Ring segmentation. The weight capacities and dimensional limitation of the logistics, such as the cranes and the on-road transports, are gonna be stretched to the limit. It’s quite common, and perhaps necessary, to break down the ring further to more segments so that each is lighter and smaller, but this lengthens ring building time. A balance needs to be struck at the sweet spot incorporating considerations of ease of handling and speed of ring assembly. The ring break-down is slightly less than being proportional to the tunnel diameter, and it is usually step changes rather than a linear relationship.
Scale to the power of 2
Materials. Any material related, both into and out of the TBM, is proportional to the area of the tunnel face, i.e. square of the tunnel diameter. This includes concrete, annulus grout, spoil removal. The amount of materials in and out of the tunnel bore is gigantic and therefore the challenges associated with logistics rises exponentially higher.
Buoyancy force. A scenario particularly important to large tunnels is buoyancy uplift. This usually isn’t a problem for tunnels, but can be a major problem for large diameter tunnels with shallow cover, as the uplift force is a function of the square of the tunnel diameter.
Surface settlement. The volume loss of the tunnelling needs to be tighter controlled for large diameter tunnels, as surface settlement correlates to the tunnel diameter by a power of 2. The conventional 1% volume loss assumption may result in a ridiculous amount of peak settlement, such as 100mm-200mm. Well-spec’ed TBMs have demonstrated the ability to control settlement within 0.5% maximum, and normally 0.2-0.3%.
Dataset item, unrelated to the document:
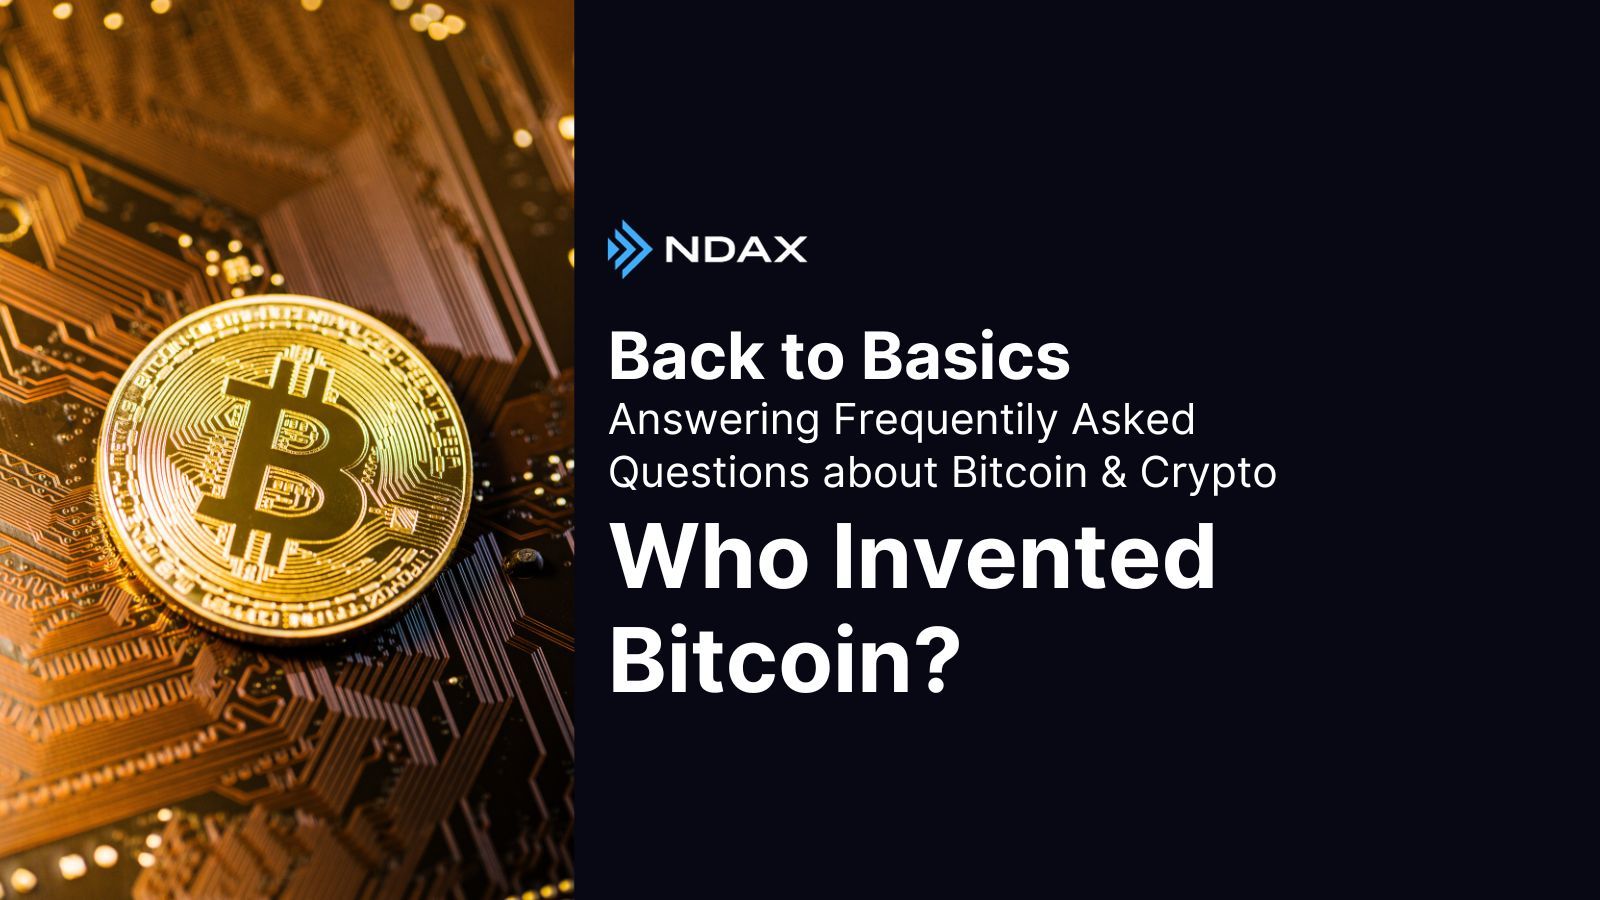 Who Invented Bitcoin?

Scale to the power of 3 or above
The first is the sheer torque required to spin the big cutterhead. Torque is the torsional moment required to spin the TBM cutterhead. This requires a huge amount of power for large diameter tunnels, especially for EPB machines because they are more grindy – more frictions. Slurry based TBMs use slurry as a medium of lubrication and has less friction. The total thrust of the TBM correlates to several factors including face area, the circumference, friction angle of the ground and the depth of the tunnel, and can go as high as the power of 4 in relation to the tunnel diameter. The power requirement directly corresponds to the thrust.
Others
And there are face stability issues. Give that the diameter is big, you are more likely to run into varying ground conditions across the face. The big tunnel usually needs to be buried deep and very likely the groundwater pressure will be big as well. there is usually a hydrostatic pressure gradient at the face balancing pressure. And all the above said present challenge to face pressure control. Because of the high groundwater pressure, face intervention needs to be planned very well, and use safe havens for free air intervention where possible, because there is a safe pressure limit to hyperbaric intervention.